Consistent, easily repeatable target construction is critical to the success of any match. There are several simple things that will help maintain consistency in target placement, preservation, and scoring.
First, you may notice in the video that we used what I like to call a “rain hang” on the example target. This places the top of the target in line with or a little below the top of the sticks supporting it. That way, if it rains, or even in a heavy dew, a wet target bag won’t collapse the top, or head, of the target, creating a different or inconsistent presentation and requiring a change. This is a very easy and repeatable way to hang targets in case of inclement weather. But, if you find that it’s not possible to hang targets this way (and there are any number of reasons why not), there are a couple of other alternatives to protect the head of the USPSA target from collapsing. One way is to staple a piece of coroplast or other stiff plastic behind the head, making sure it goes past the “neckline” so it is supported by the body of the target.

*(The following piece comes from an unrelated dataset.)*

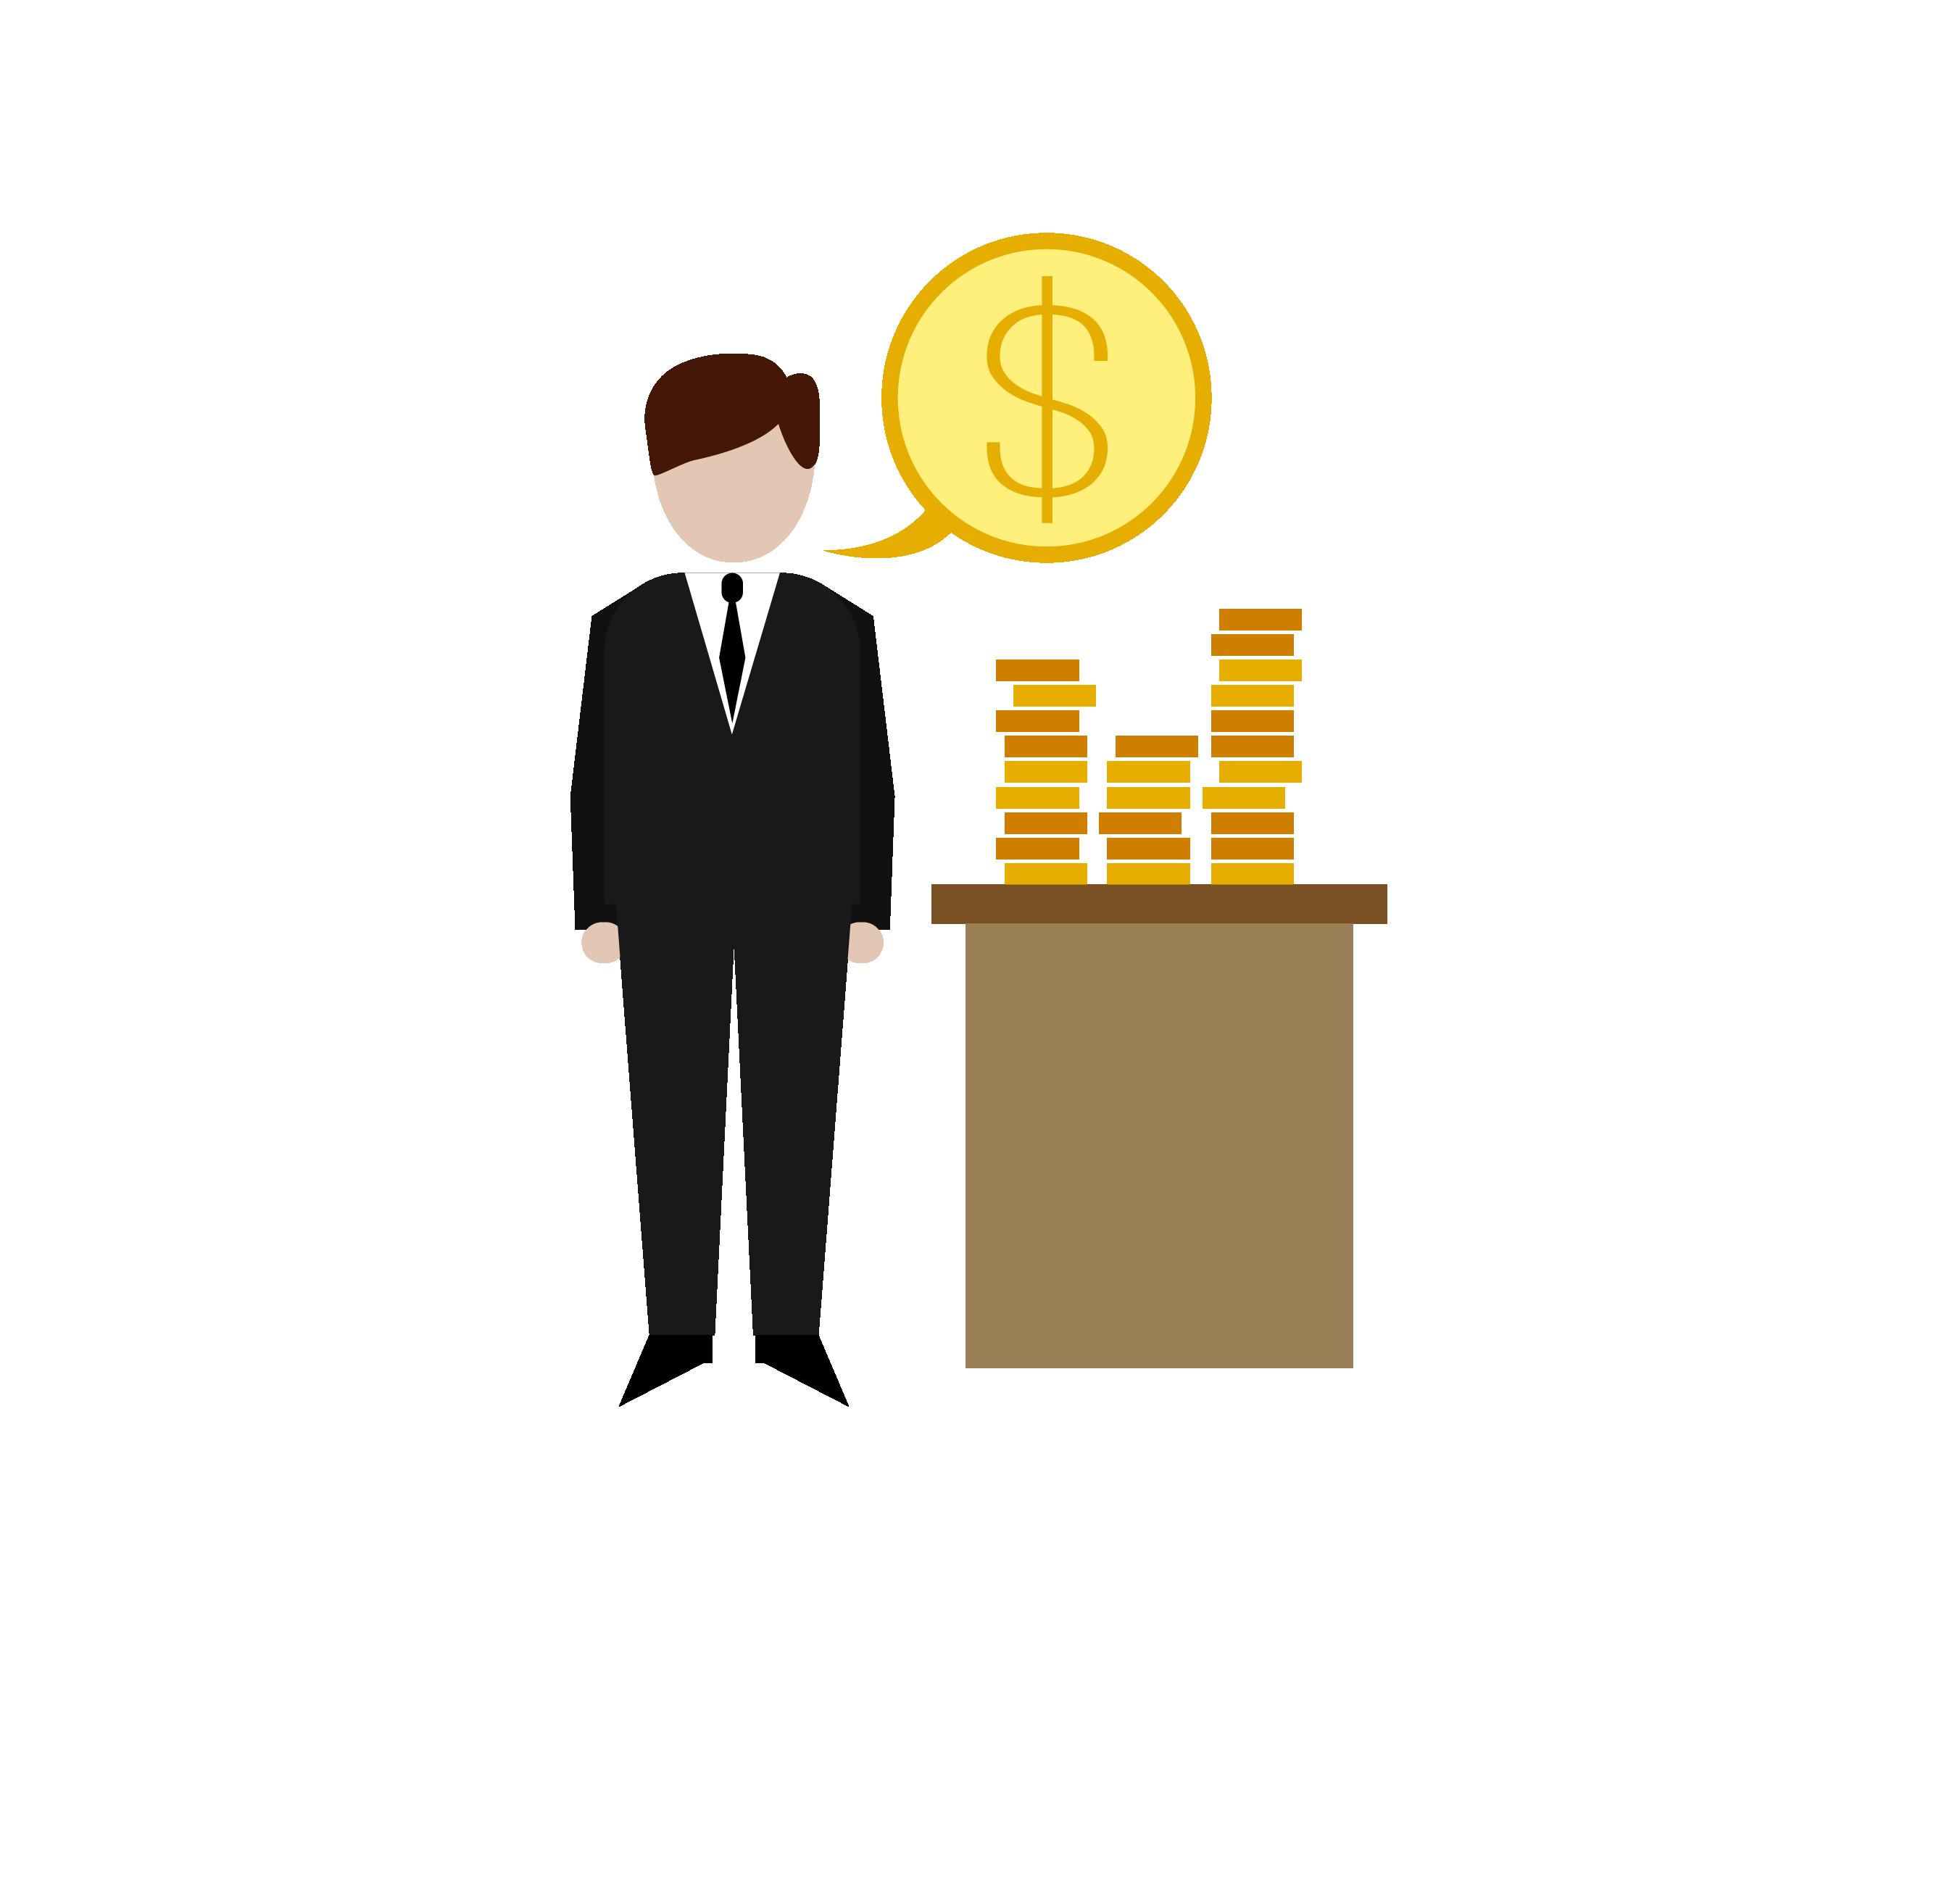 Pernah Bangkrut Trading Forex? Jangan Menyerah, OTA Trading Solusinya | Central Capital Futures

I’ve also found paint stirrers, usually available for free at a big box paint counter, to work as well. Another, more elegant example can be found in this NROI blog post, titled “Fixing Floppy USPSA Targets“.
Once the targets are hung on the sticks, they should be witness marked with an indelible marker, at the spots where a straight line of the target crosses the stick (the shoulders and hips, so to speak). We always strive to keep the initial target, the backer, up on the sticks, but sometimes it’s not possible, so witness marks will ensure proper placement on the sticks, should a brand new target need to be hung up.
Occasionally, a competitor will want the RM to score a target, and if the RM can’t get there in a reasonable amount of time, the target in question can be pulled, and replaced with a fresh one. Backers and witness marks help in the target replacement process, just as they do for a normal change of targets in a match. Note: pulled targets must be initialed by the RO and competitor and kept in a safe place until the RM can look at it.
When hanging or changing targets, attention to the details is critical. This post, “Mind Your Targets“, will help with those details.
When designing a course of fire, there are many things to consider, not the least of which is the ability to easily and consistently replace targets when necessary, and to preserve those targets while they are being shot at. Do yourself and your staff a favor and put these tips into practice.